── Data ──
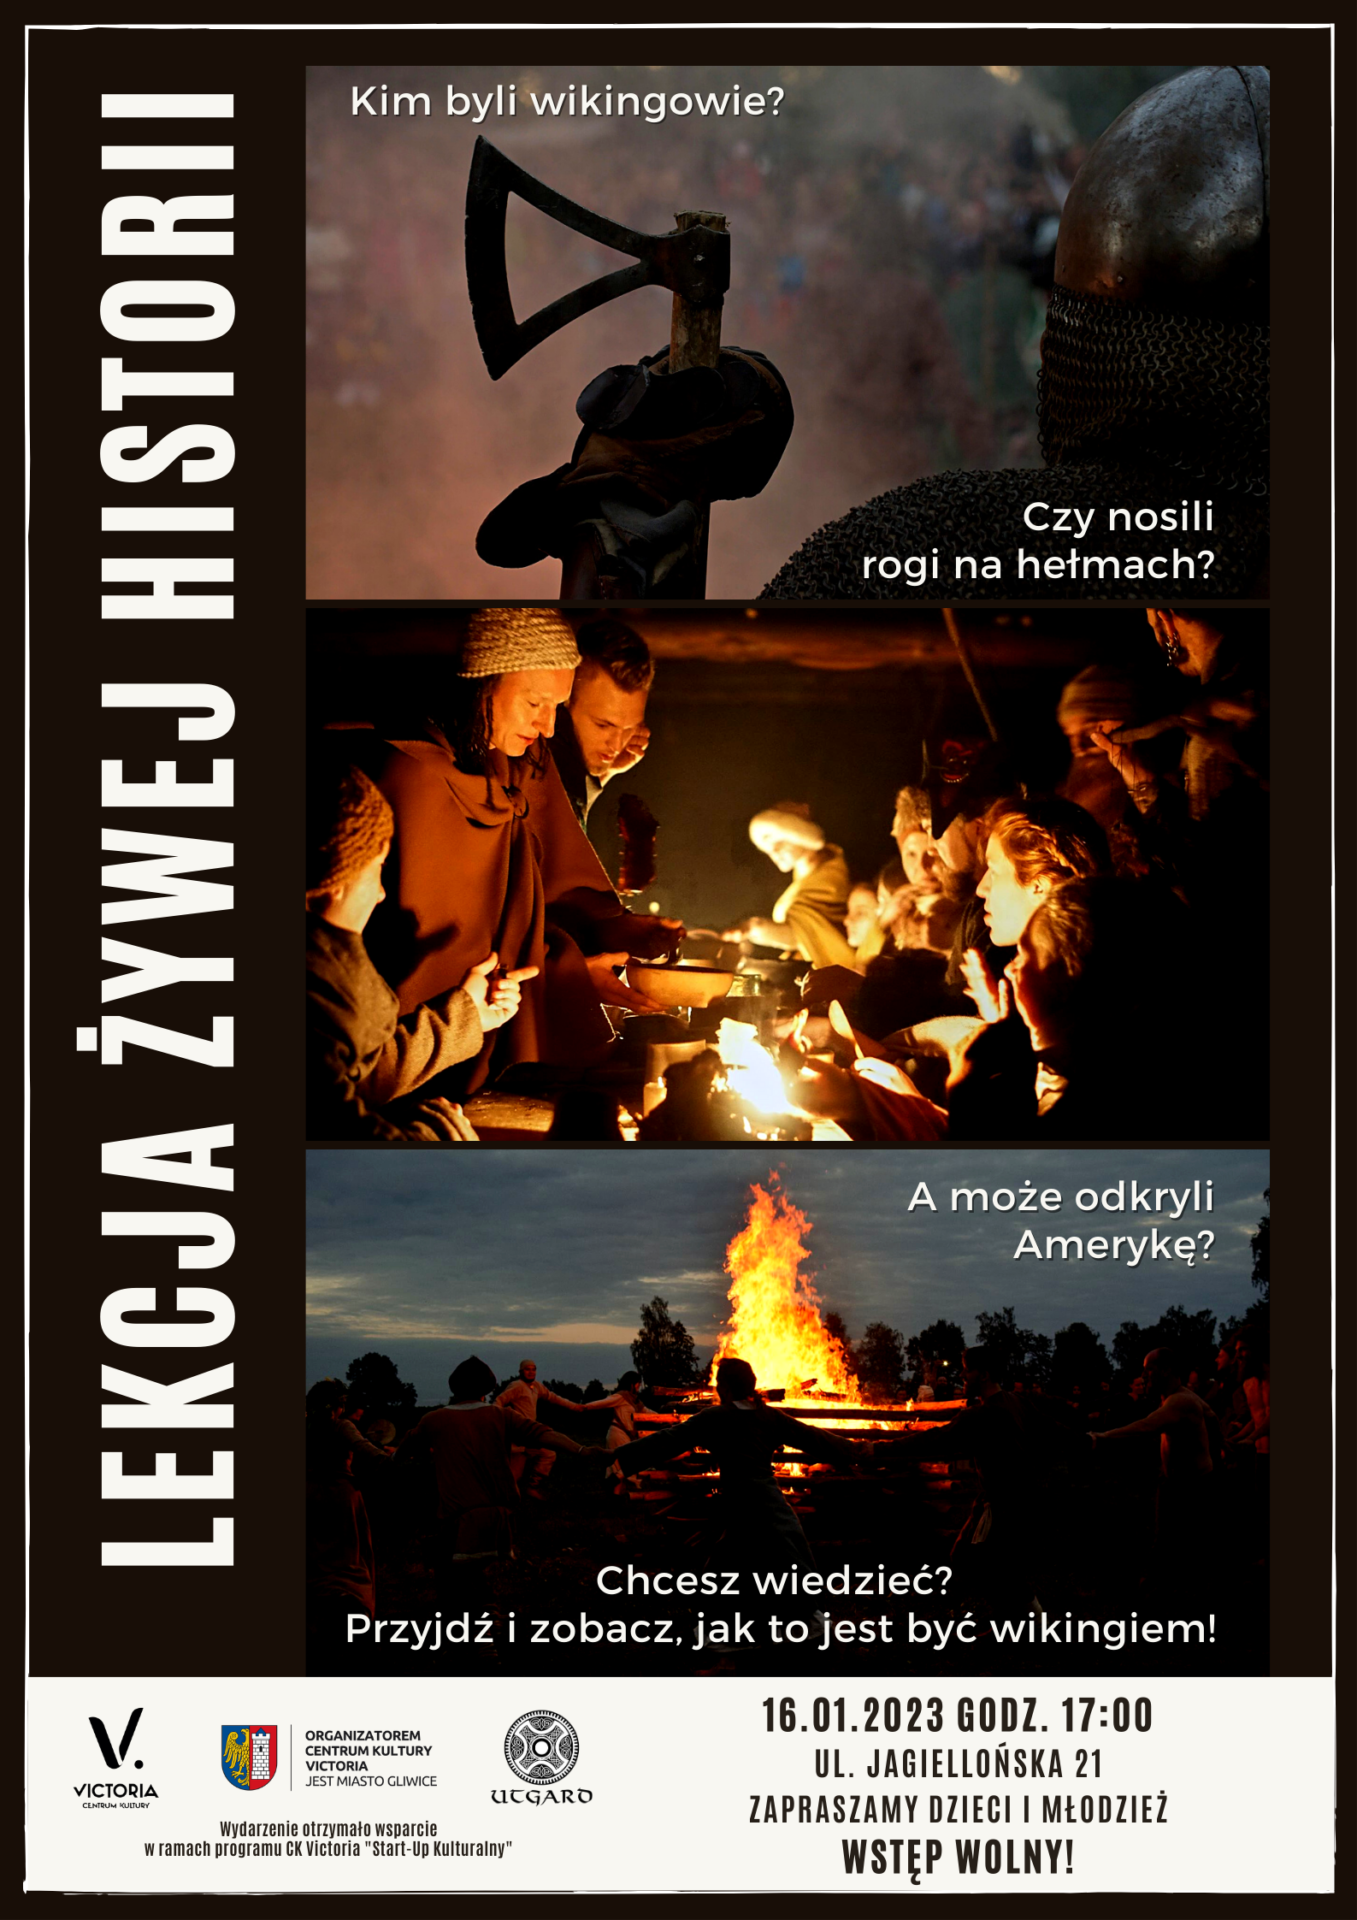 Lekcja żywej historii. Na plakacie trzy zdjęcia przedstawiające inscenizacje z udziałem wikingów.
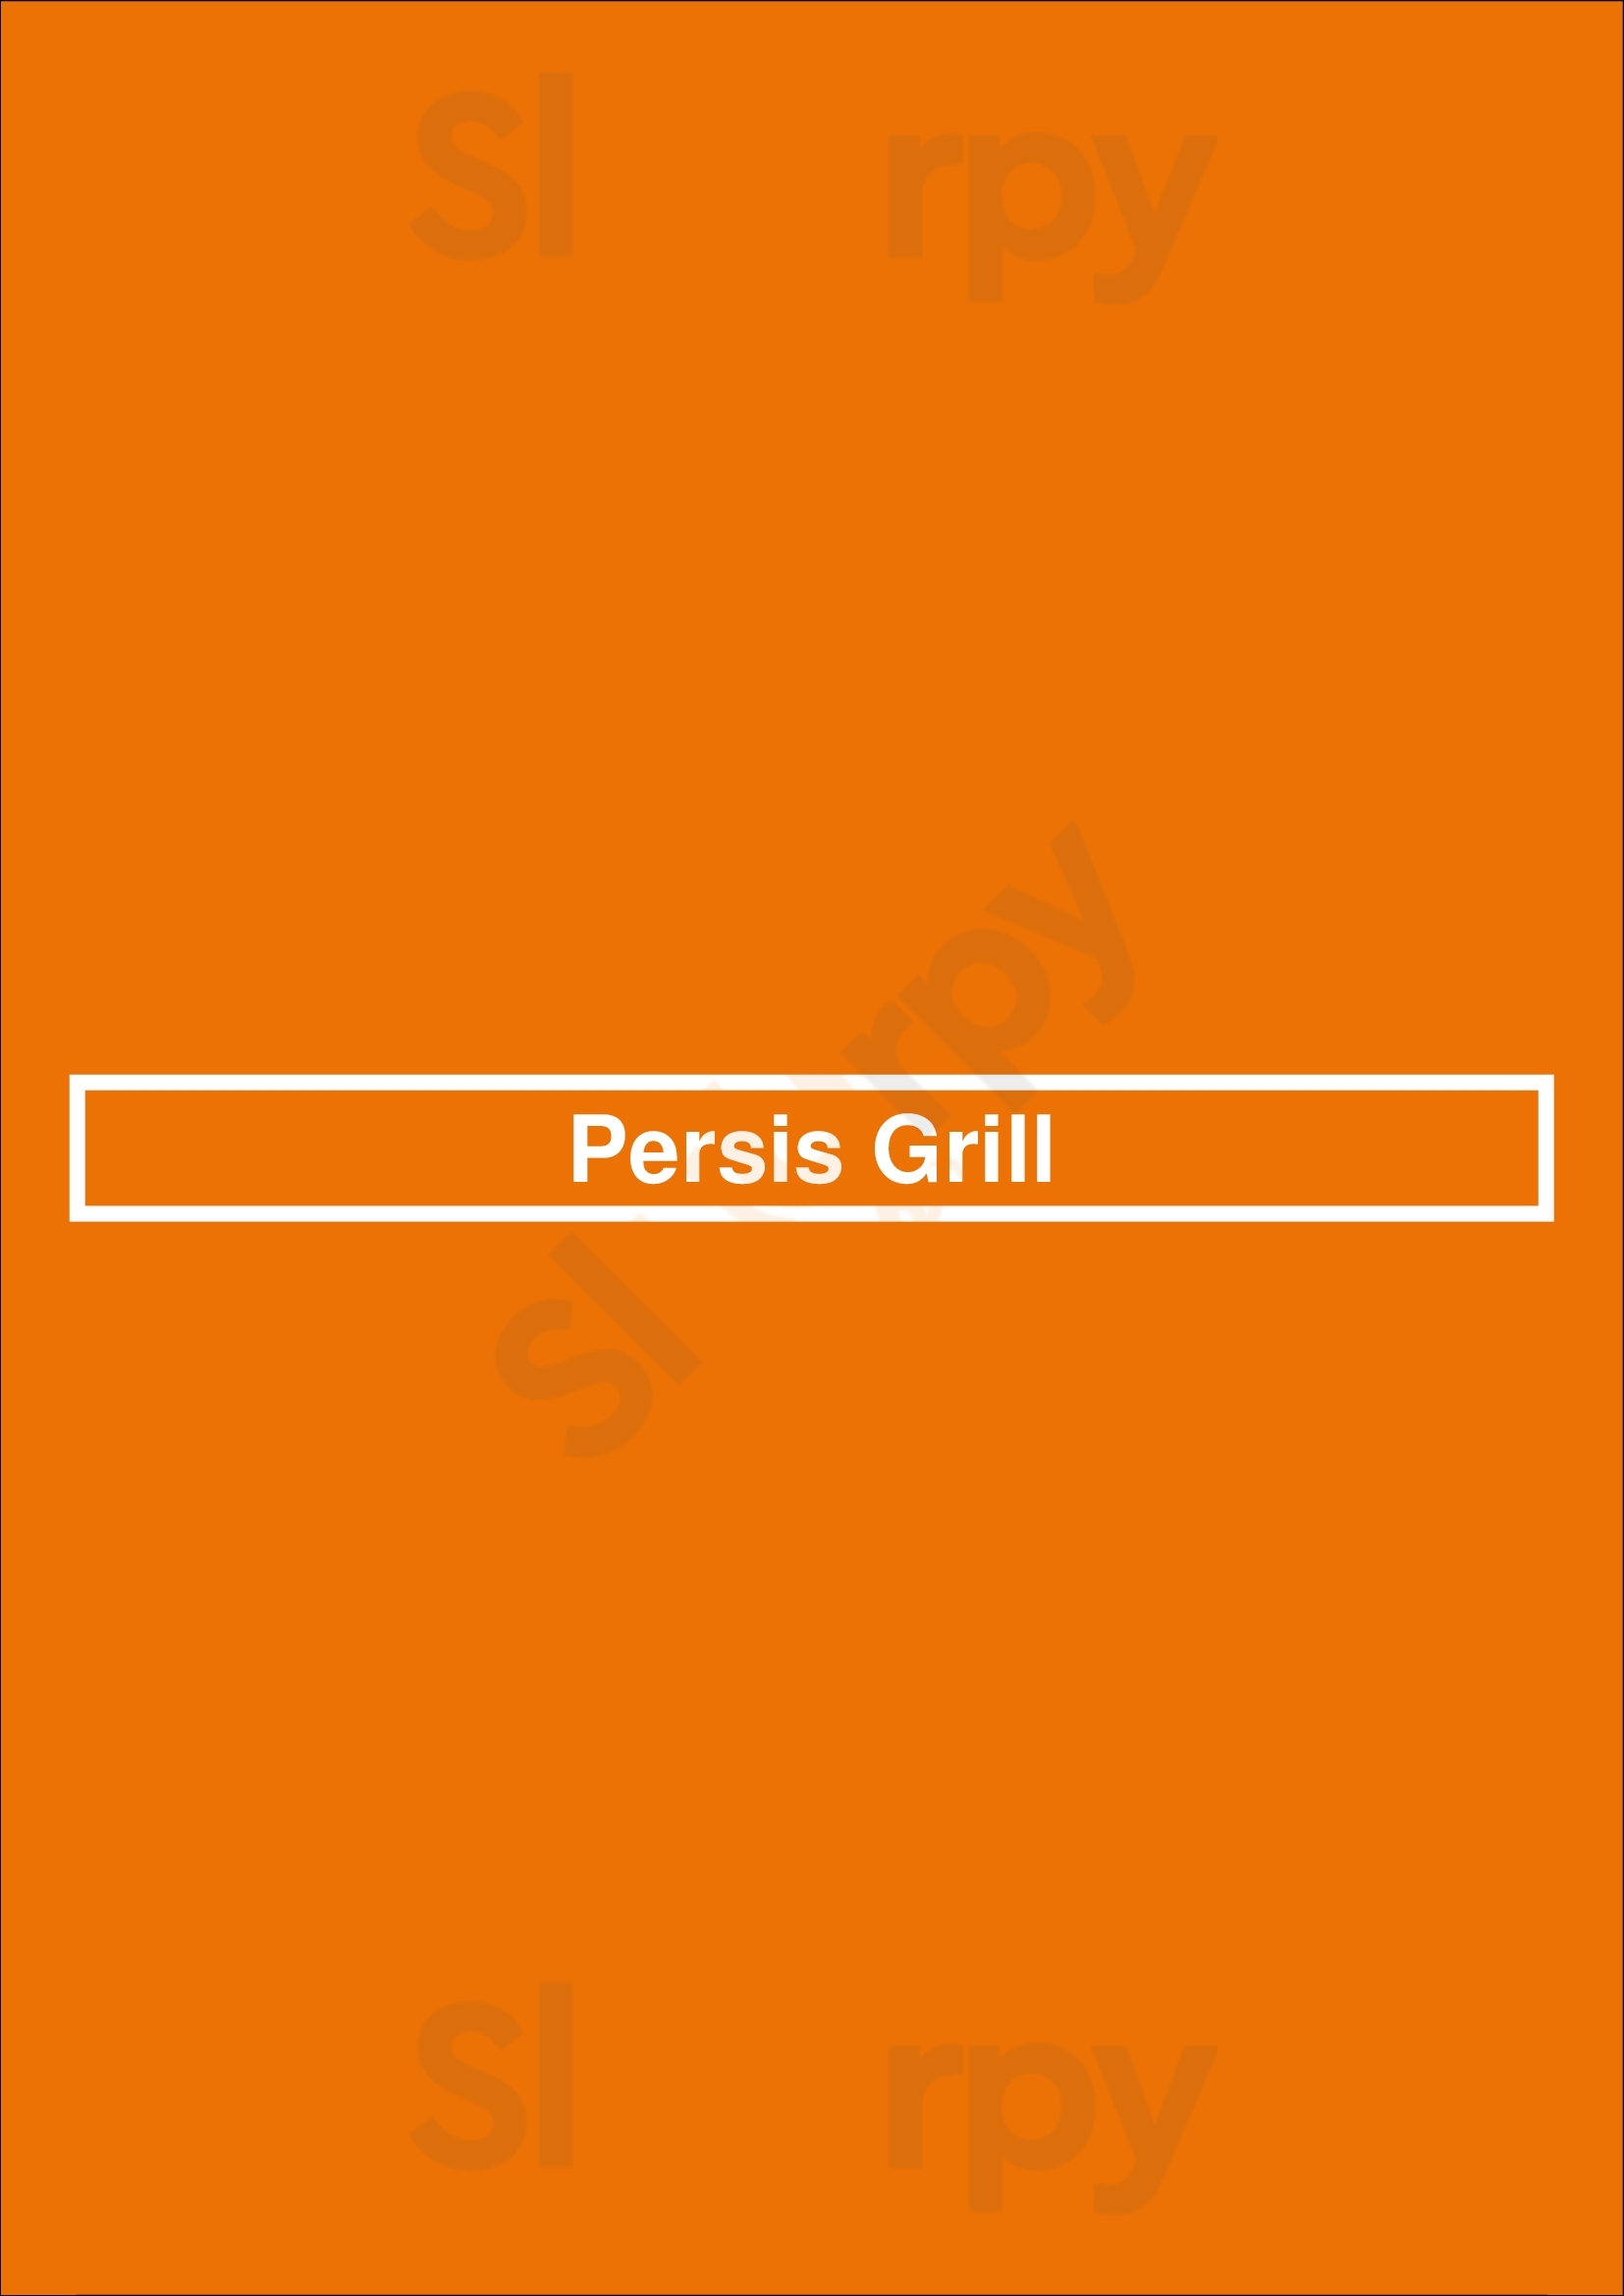 Persis Grill Ottawa Menu - 1
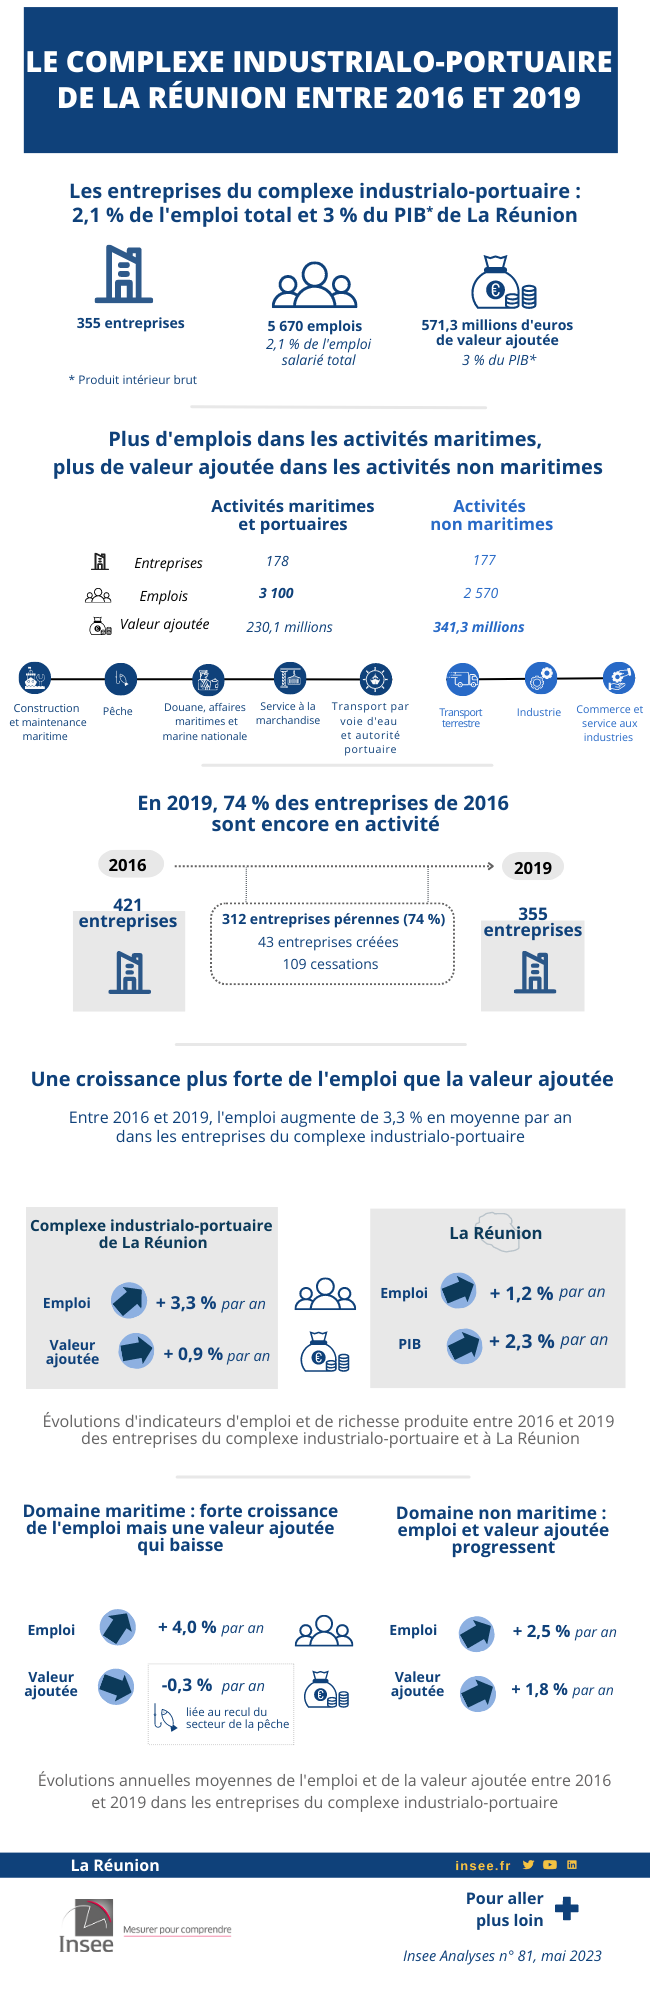 Infographie sur le complexe industrialo-portuaire de La Réunion entre 2016 et 2019
───
■ **Your task**:
Send back every line above exactly, skipping all pictures.

■ **The answer**:
 Lekcja żywej historii. Na plakacie trzy zdjęcia przedstawiające inscenizacje z udziałem wikingów.
 Persis Grill Ottawa Menu - 1
 Infographie sur le complexe industrialo-portuaire de La Réunion entre 2016 et 2019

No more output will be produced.